## AVAILABLE DATA:
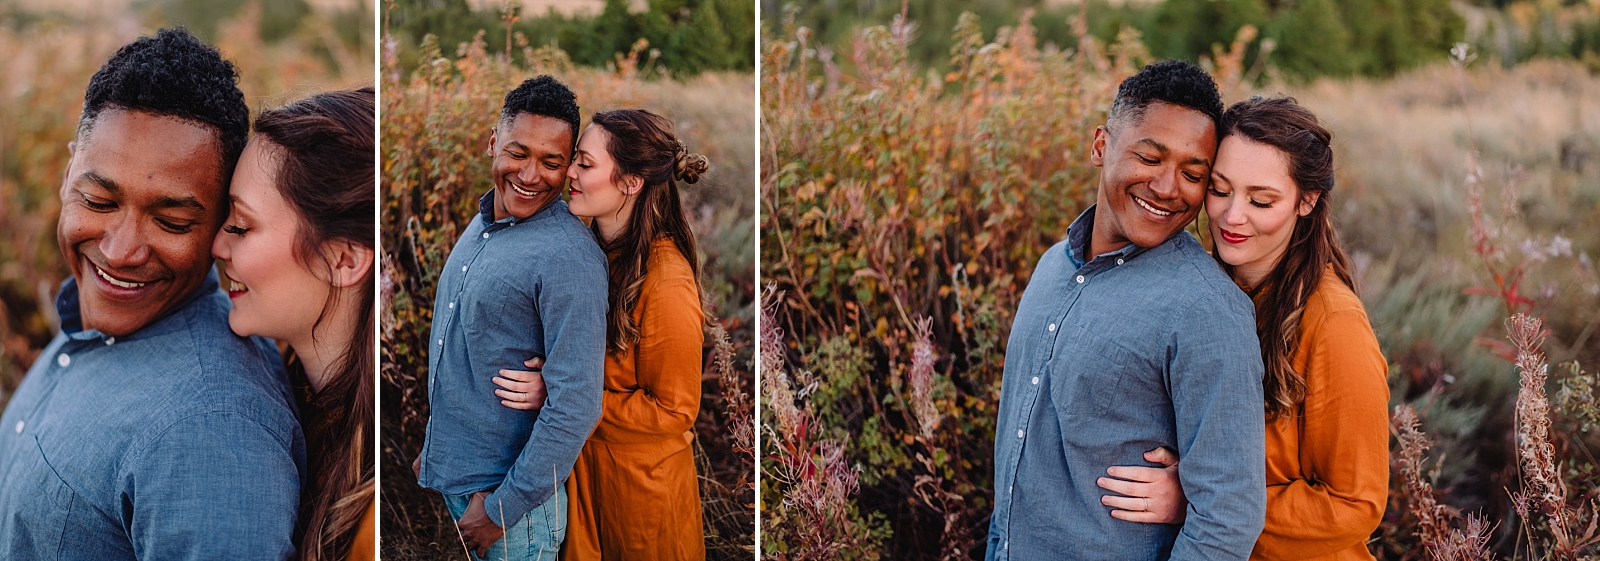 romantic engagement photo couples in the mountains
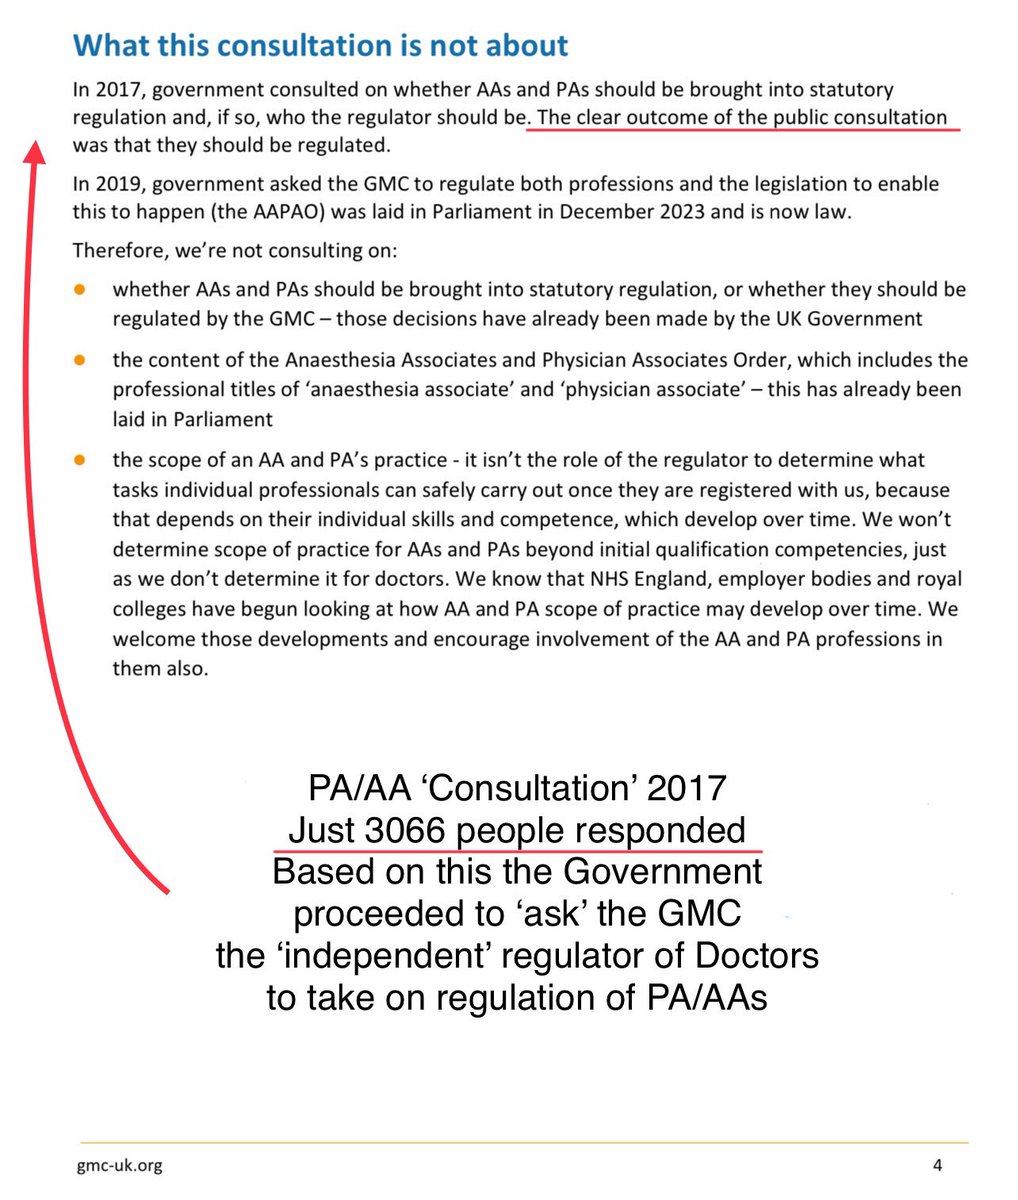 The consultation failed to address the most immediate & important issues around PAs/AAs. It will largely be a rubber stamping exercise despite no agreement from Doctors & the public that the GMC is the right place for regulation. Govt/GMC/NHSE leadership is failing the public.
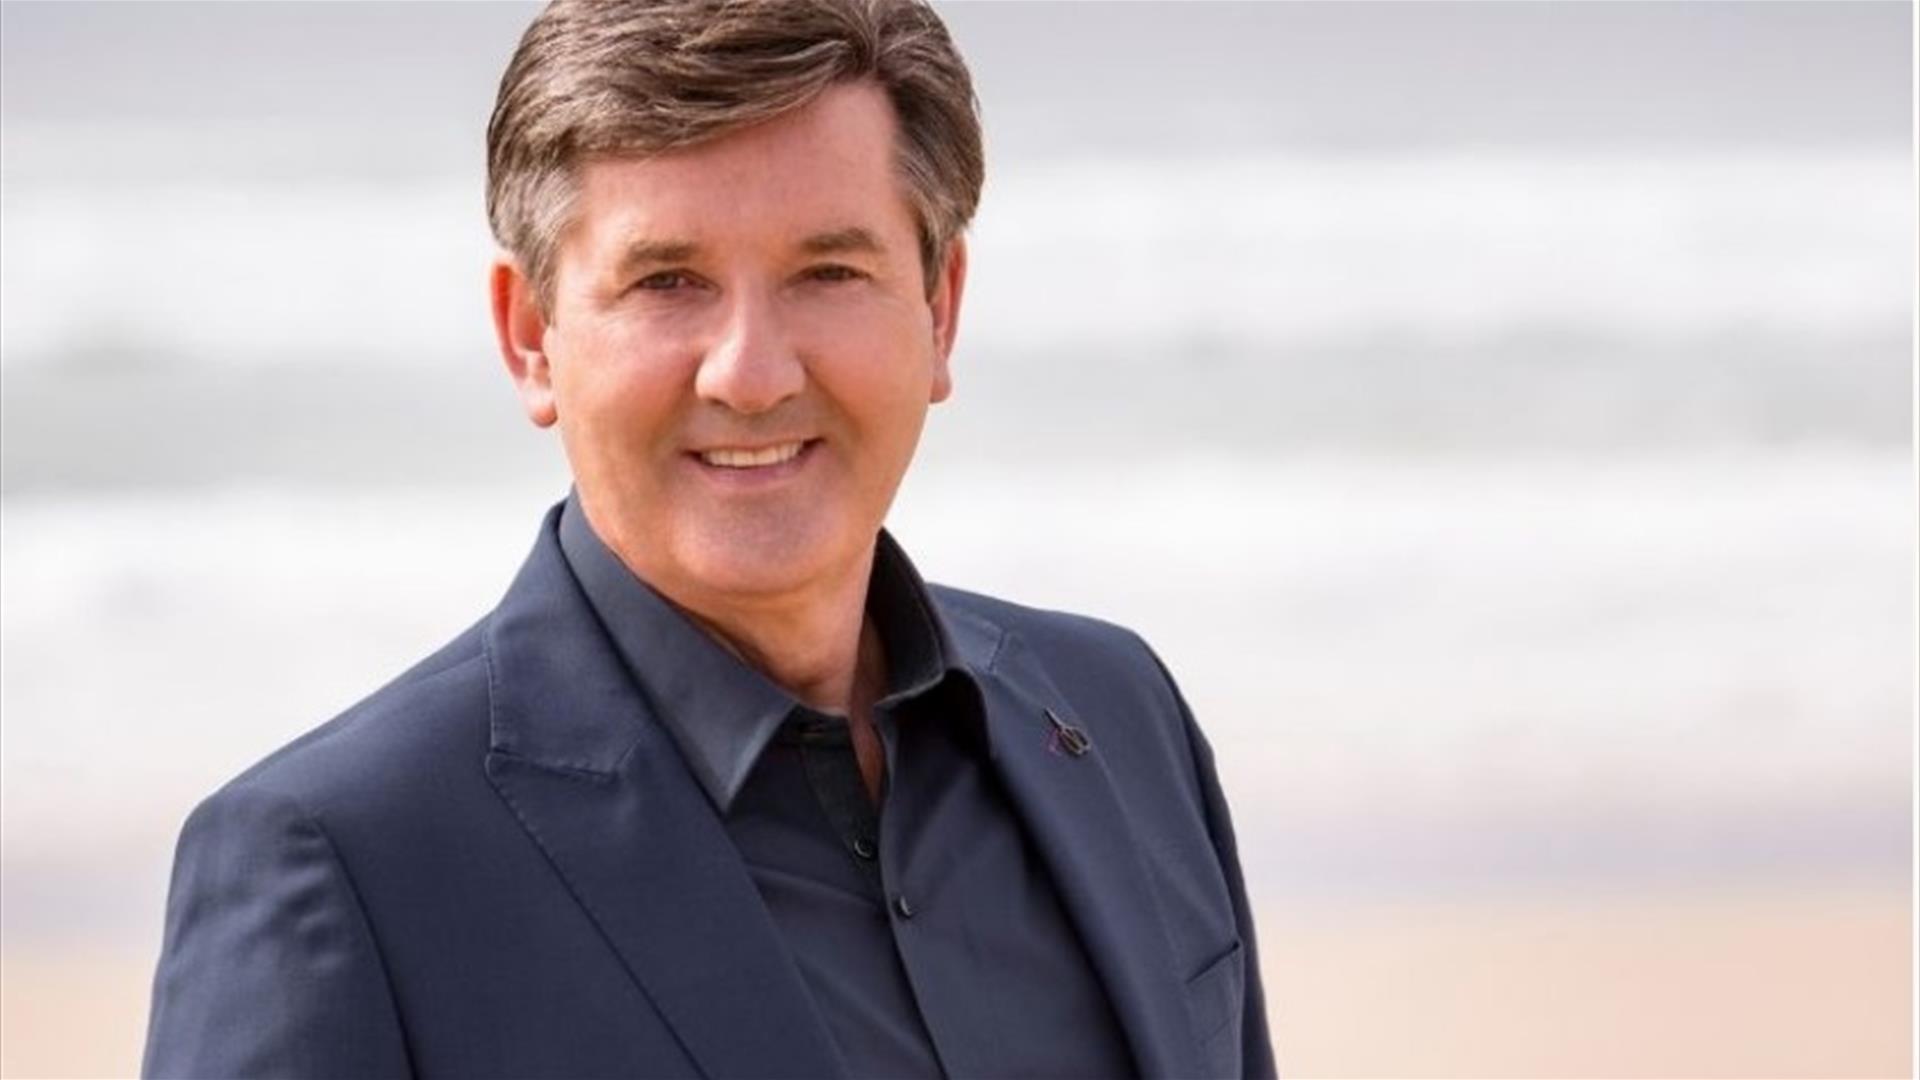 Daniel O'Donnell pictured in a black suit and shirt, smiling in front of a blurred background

## WORK INSTRUCTIONS:
Reproduce exactly, and only, the lines that begin at the one containing "The consultation failed" and end with the final line of the data, both included, while omitting every picture.

## SOLUTION TO THIS EXERCISE:
 The consultation failed to address the most immediate & important issues around PAs/AAs. It will largely be a rubber stamping exercise despite no agreement from Doctors & the public that the GMC is the right place for regulation. Govt/GMC/NHSE leadership is failing the public.
 Daniel O'Donnell pictured in a black suit and shirt, smiling in front of a blurred background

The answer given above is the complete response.